1. Harnessing the Power of Co-Investment Network Analysis
The investment ecosystem thrives on collaborations. Decoding co-investment networks provides a panoramic view of these strategic alliances, enabling us to:
Imagine a web where entities, represented as nodes, are interconnected. In our narrative, these nodes symbolize investors, with co-investments forming the interconnecting threads or edges. So, how do we pinpoint the linchpins in this web?

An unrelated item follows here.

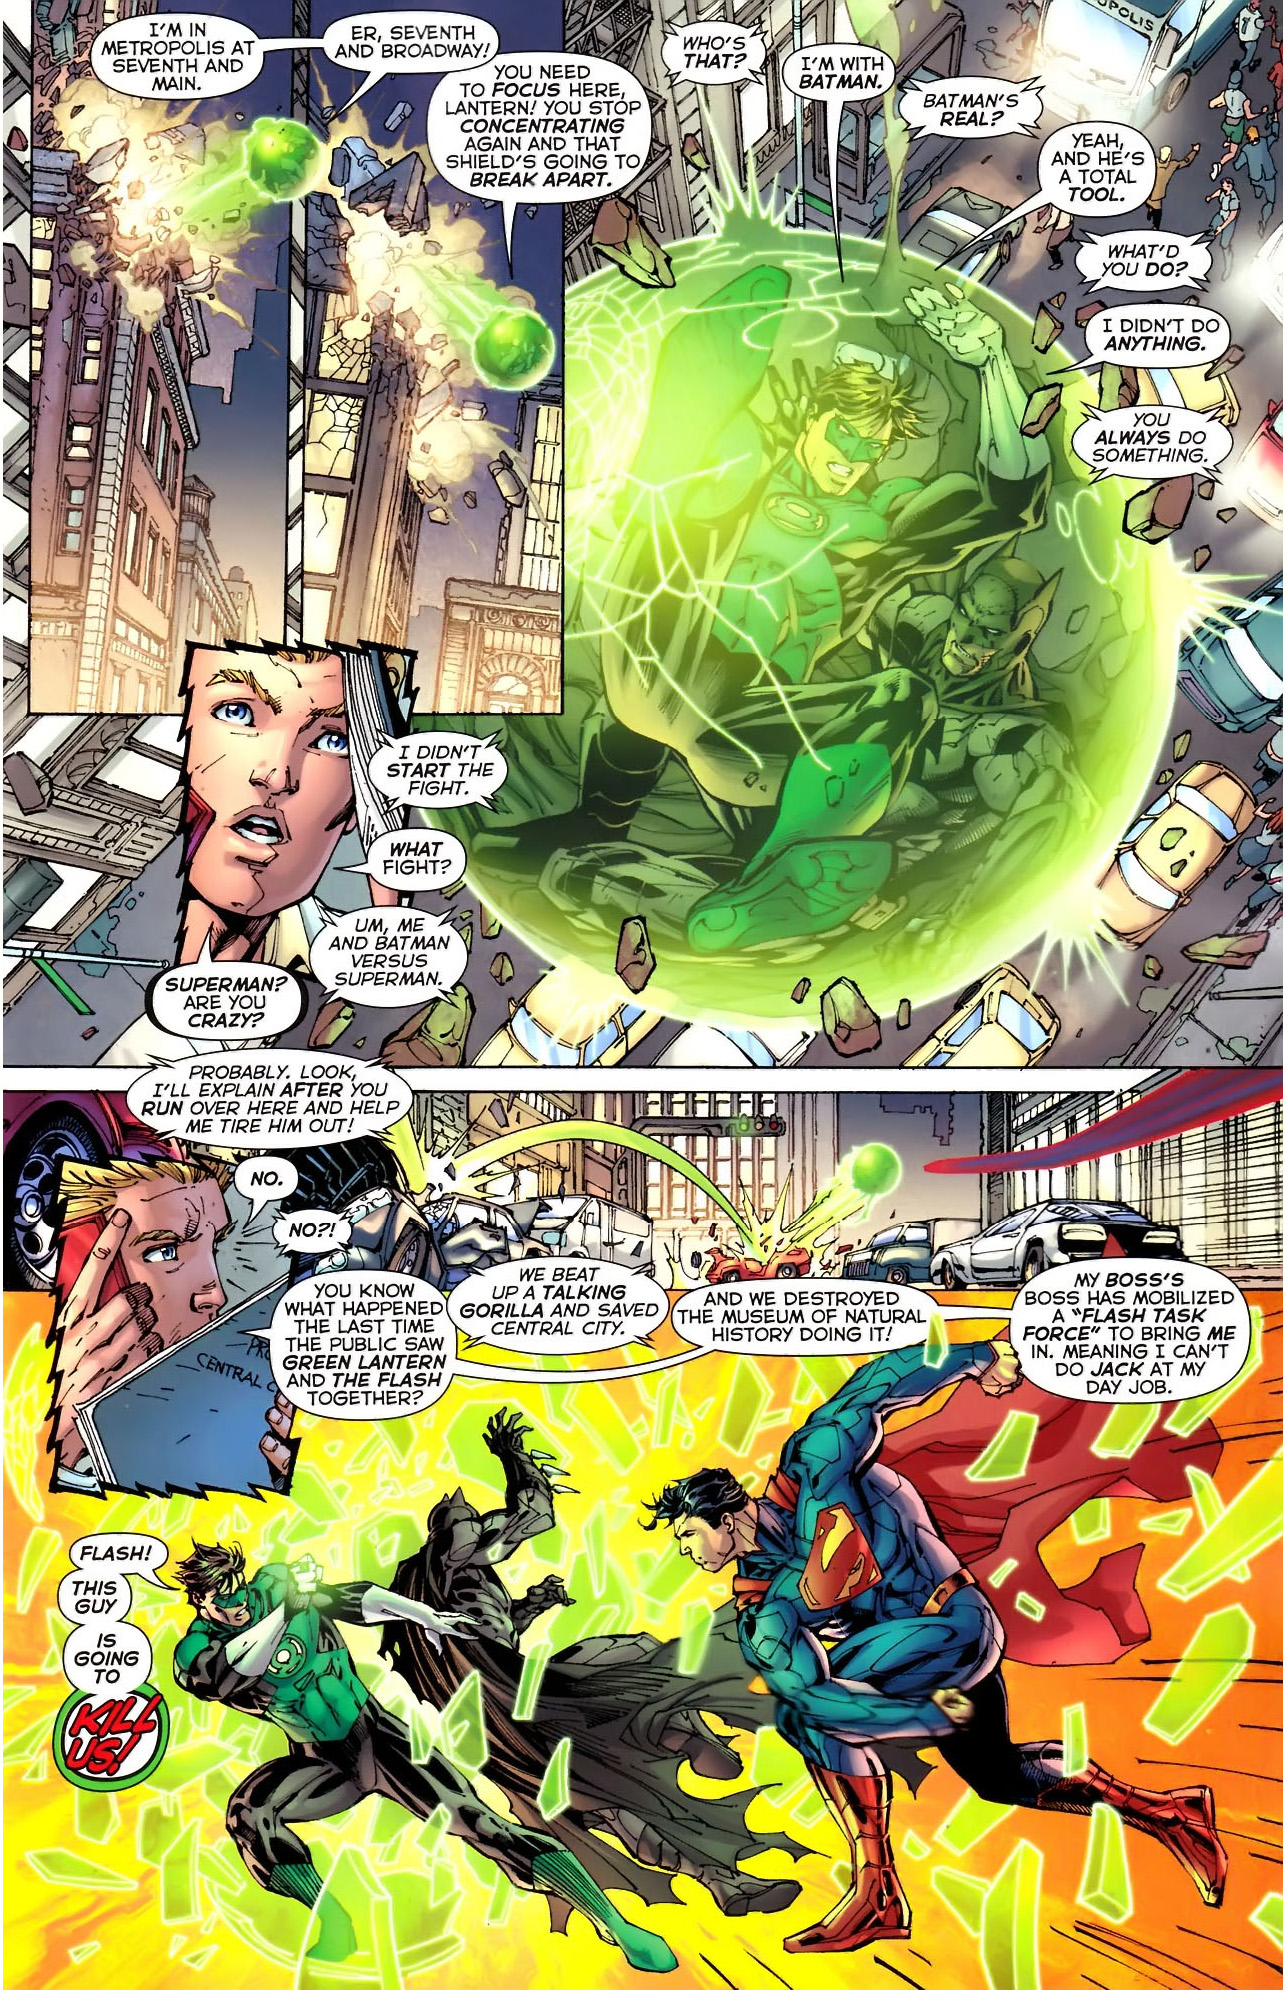 superman vs green lantern (new 52)

This is where centrality metrics come into play, acting as compasses to navigate the network maze:
2. Crafting the Co-Investment Blueprint: A DIY Guide
Data Schema:
Begin with a structured dataset highlighting the primary investor, their co-investor, and the collaborative deal. For instance, using the Dealroom's transactions endpoint, I extracted deal data for VC investments specifically for the Netherlands. The processed dataframe, replete with DealID, Company, Amount, Investors, and more, serves as the foundation. To transform this into a co-investment matrix, one can segregate investors into pairwise combinations. A trio of investors, say A, B, and C, in a single round would lead to combinations like A-B, B-C, and A-C, painting a mutual, undirected network picture. This implies that the sequence within the pair is inconsequential, making it apt for co-investment networks. It's crucial to remember that a single connection doesn't always denote a unique investment round.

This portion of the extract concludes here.